Jessica Anderson, conservative policy advocacy organization Heritage Action’s executive director, echoed Cummins’s complaints. Biden is weaponizing the DOJ by “using its army of unelected bureaucrats to intimidate state legislatures and subject Americans to a far-left agenda that we did not sign up for,” she argued.
“Attorney General Merrick Garland has led the DOJ to repeatedly pursue power grabs that are appeasing the Left’s agenda instead of seeking justice and fighting crime — we cannot allow Garland’s abuse of the DOJ to fly under the radar,” Anderson said.
The White House has been pushed on Biden’s relationship with the DOJ after promising the department would be an impartial arm of his administration.
Biden prompted another round of questions last week when he told reporters he believed the DOJ should prosecute people who defy subpoenas issued by the House Select Committee on the Jan. 6 Attack. The chamber last week found former Trump White House chief strategist Steve Bannon in criminal contempt of Congress for declining to speak with and hand over documents to the panel. Garland now has to decide whether to prosecute Bannon, which, if successful, could lead to fines or prison time.
White House press secretary Jen Psaki referred to her own Jan. 6 subpoena statement when needled on the development. Biden maintains the DOJ “has the purview and the independence to make decisions about prosecutions,” Psaki said, differentiating inquiries from policymaking.
“You say that that is his view, but that is not what he said,” a reporter said.
Psaki replied: “I just conveyed what his view is, and that is also how he has operated, how he has governed, and how he will continue to govern. And I think that’s what’s important for people to watch.”
“Trump used his office to incite an insurrection,” she added. “He put political pressure on senior DOJ officials to propagate lies about the election to the point where they threatened to resign en masse. I think there’s hardly a comparison there.”

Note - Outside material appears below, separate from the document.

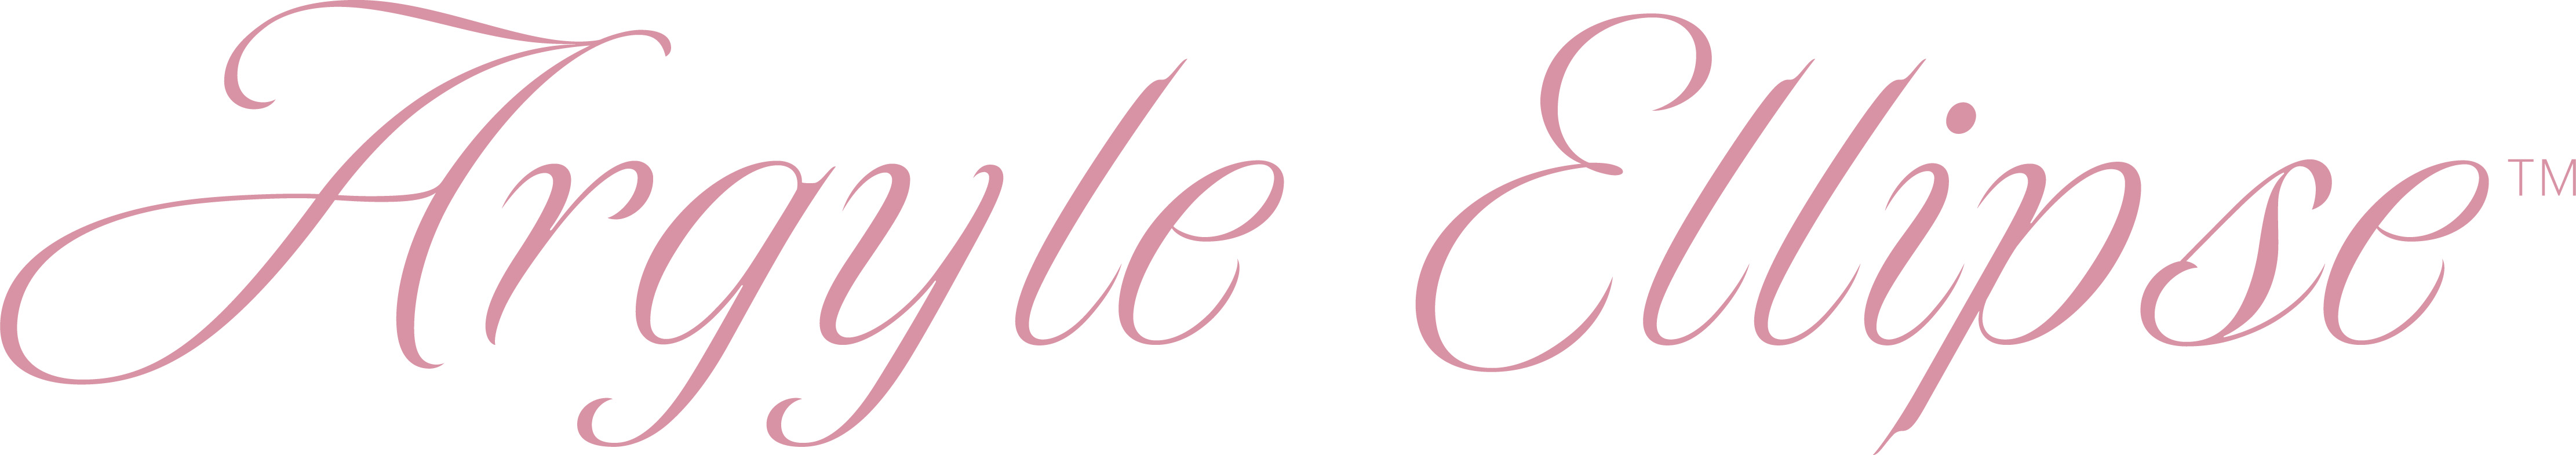 Argyle Ellipse Logo_Pink.jpg

Garland has been criticized for sharing a memo in October on how the DOJ would collaborate with state and local authorities to address illegal threats of violence and harassment against school board members over mask mandates and critical race theory. The message was disseminated after the National School Boards Association wrote to Biden in September about incidents it claimed were “the equivalent to a form of domestic terrorism and hate crimes.”
The Supreme Court last week also agreed to review Texas’s “heartbeat” abortion law, which offers a $10,000 reward to private citizens who sue abortion providers and anyone who helps recipients, and whether the Justice Department could file suit against the state to block the legislation. Biden directed the department in September “to see what steps the federal government can take to ensure that women in Texas have access to safe and legal abortions.”
Garland announced this month the DOJ is “seriously and urgently” looking at how states are reforming their elections or redistricting to make sure they are not infringing federal voting rights. The department sued Georgia in June over its new rules after Biden described them as bordering “on being immoral.”